People will try to push the old stuff that didn’t work like communism etc. I hope there will be something new, like take the best of the known systems sort of thing. One can dream eh ☺️
Oh I’m not even talking about him regarding communism. I’m referring to Marx’es most significant work - the analysis of the workings of the capitalist system. He (they) created that work (Das Kapital and related works) in the mid-1800s. I’m reading and it describes in striking accuracy what’s happening around us today, often with uncanny predictive ability.
So, any new fresh ideas 😁 ?
One other theory I’ve heard is that the oligarch class are searching for a radically disruptive tech in terms of economic impact (mass market home computers, internet, smartphones), but there is no guarantee that “AI” will be as disruptive or offer the same ROI values.
Oh yeah, they are def doing that. I think this theory answers the question of why they’re doing what they’re doing. Why they piled up money in various tire fires since the Great Recession, the latest one being AI. And if the ROI doesn’t show signs that there’s ungodly money to be made in AI, the money would move elsewhere, by selling off AI assets, thus crashing AI asset prices (NVIDIA stock, OpenAI valuations, etc.) Once that occurs, if it occurs, is where my hypothesis begins. I’m basically saying that there isn’t an obvious thing for them to throw money at, at similar rate they’re throwing it to AI. If there’s nowehere for them to throw money at as they take it out of AI. Nothing will grow until they find something new, since we know the rest of the economy isn’t growing.

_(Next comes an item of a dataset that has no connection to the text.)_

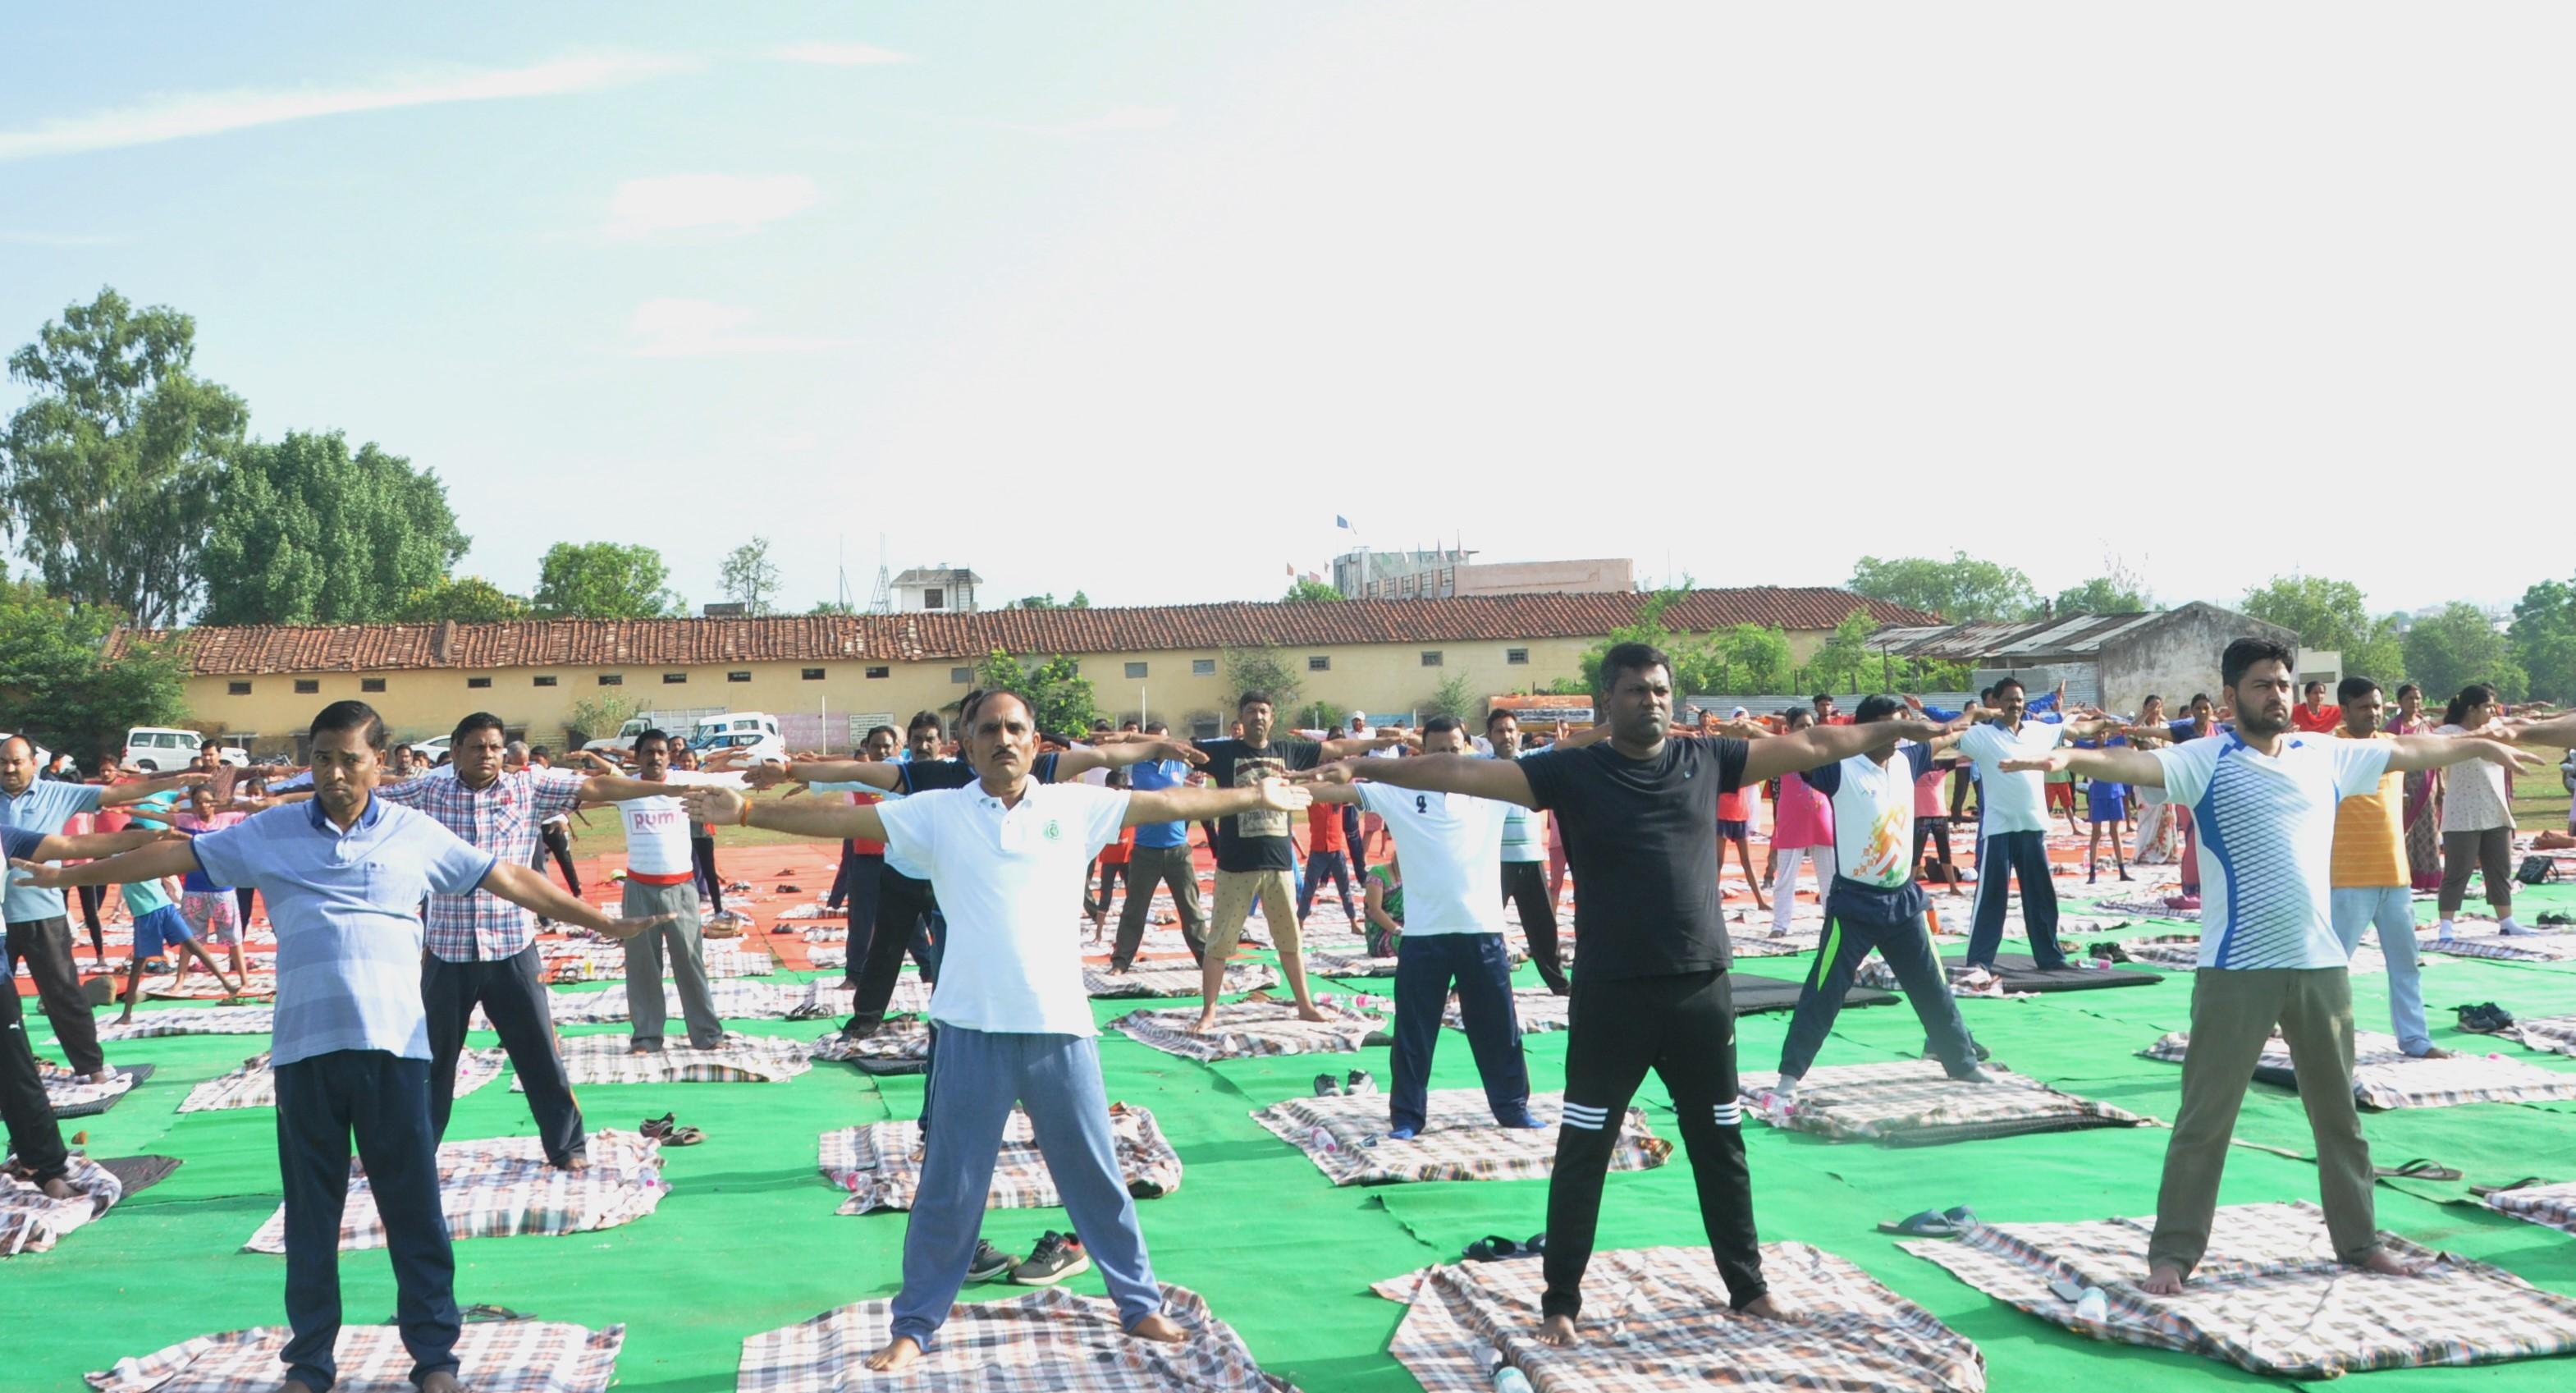 अंतर्राष्ट्रीय योग दिवस के अवसर पर सभी ने किया सामूहिक योग

BTW, perhaps less obviously, if AI actually shows it would return the huge ROI the market is expecting, I really don’t see how that ROI actually going to materialize. At first there will be high returns as firms displace workers with AI, partially (more work per worker, layoff some) or fully. But as more and more firms do this, I highly doubt the economy would be able to quickly find jobs of equivalent pay for all those laid off workers. That means rising unemployment and/or deskilling/downward mobility/lower pay. Which means lower aggregate demand. Which means at one point there won’t be enough demand to buy the output of the firms displacing workers with AI. At that point they won’t be able to get further returns on their AI investment. That would also likely produce an economic crisis and social unrest as it has in the past.
Agreed, much of the American-style faux-optimism is based on the ignorance of history.

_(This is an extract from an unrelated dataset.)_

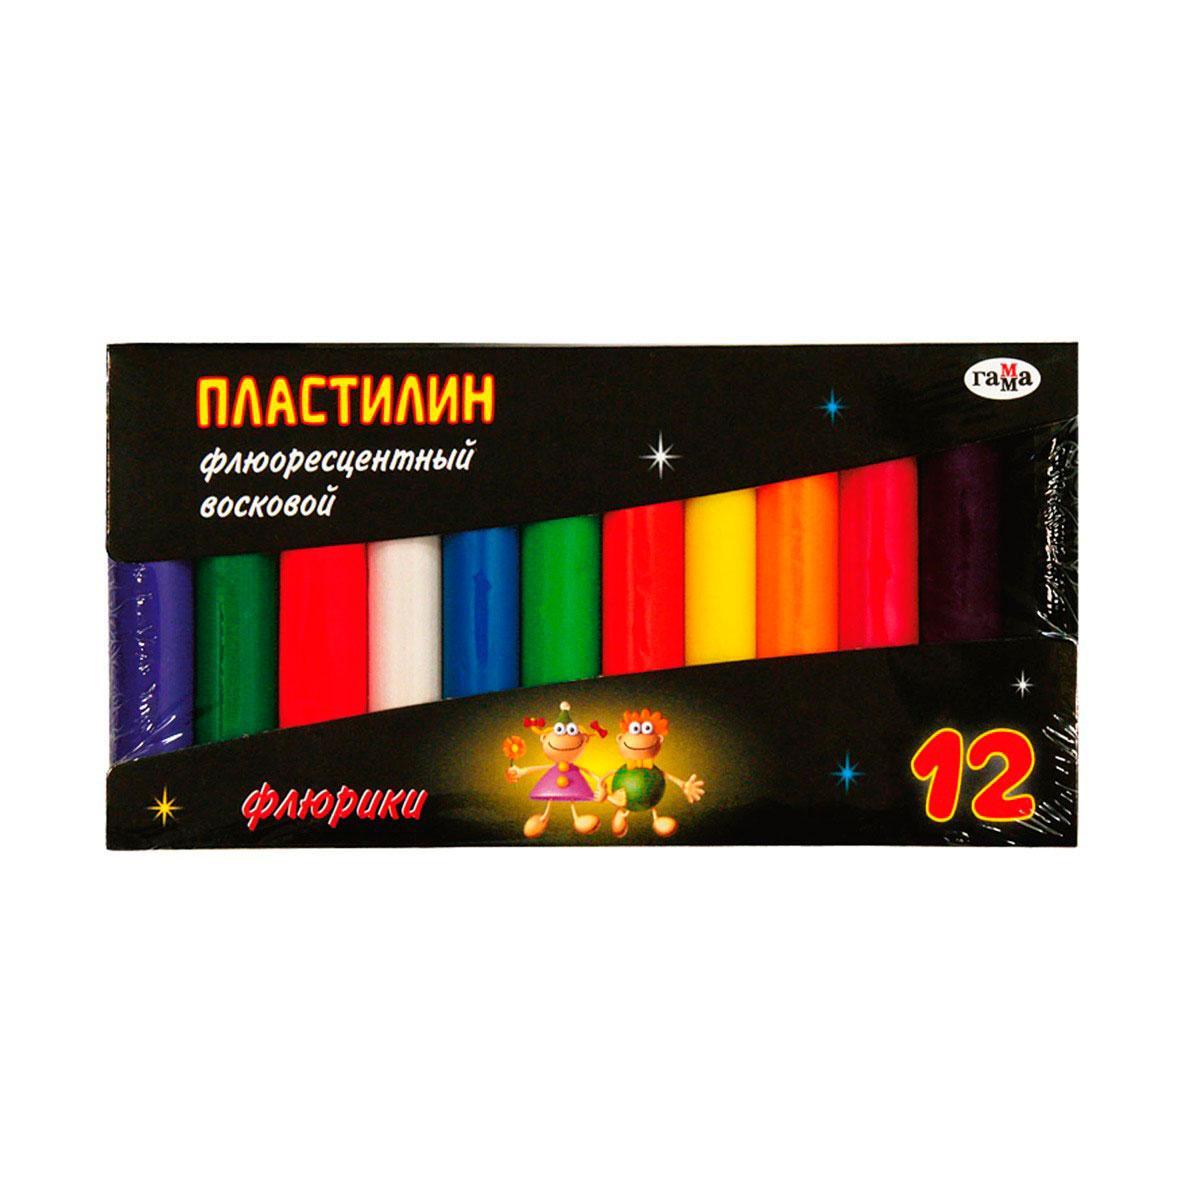 Пластилин ГАММА Восковой флуоресцентный<br>

Push the plebs too far and there is some risk that they will rebel. No LLM or smartphone is going to change that.
Totally not a bubble. Trust me, bro!
Everyone involved knows it’s a bubble. They’re just banking on not being left holding the bag when it pops. Remember, the survivors of the dotcom crash made out like bandits.
“It’s a good bubble.”
What they include and exclude when deciding recessions, inflation and other economic issues is really a black art. Investment in data centres and dodgy sw really affects the economy 🤭
The US likely has many years of recession to look forward to. There might even be a civil war. The country is utterly broken and the ones to blame are capitalists and useful idiots preaching and implementing their propaganda (neoliberalism and its even more degenerated derivates).
Jason Furman, Economist and former Deputy Director of the US National Economic Council, estimated in a New York Times podcast that 92 percent of the economic demand in the first two quarters of this year came from information processing equipment and software.
“Ultimately, what we’re really hoping for is that AI shows up on the supply side of the economy, actually helping us do more with less,” he said. Some of that is happening, he claimed, “but there hasn’t been anything particularly special about productivity growth to date.”
I am assuming that the 92% refers to “net new” economic demand, not total.
This is damning for AI hucksters and conmen. The worse thing is that since many of them are based in the US, not a single one will be prosecuted (how many financial fraud conmen were prosecuted under Obama?)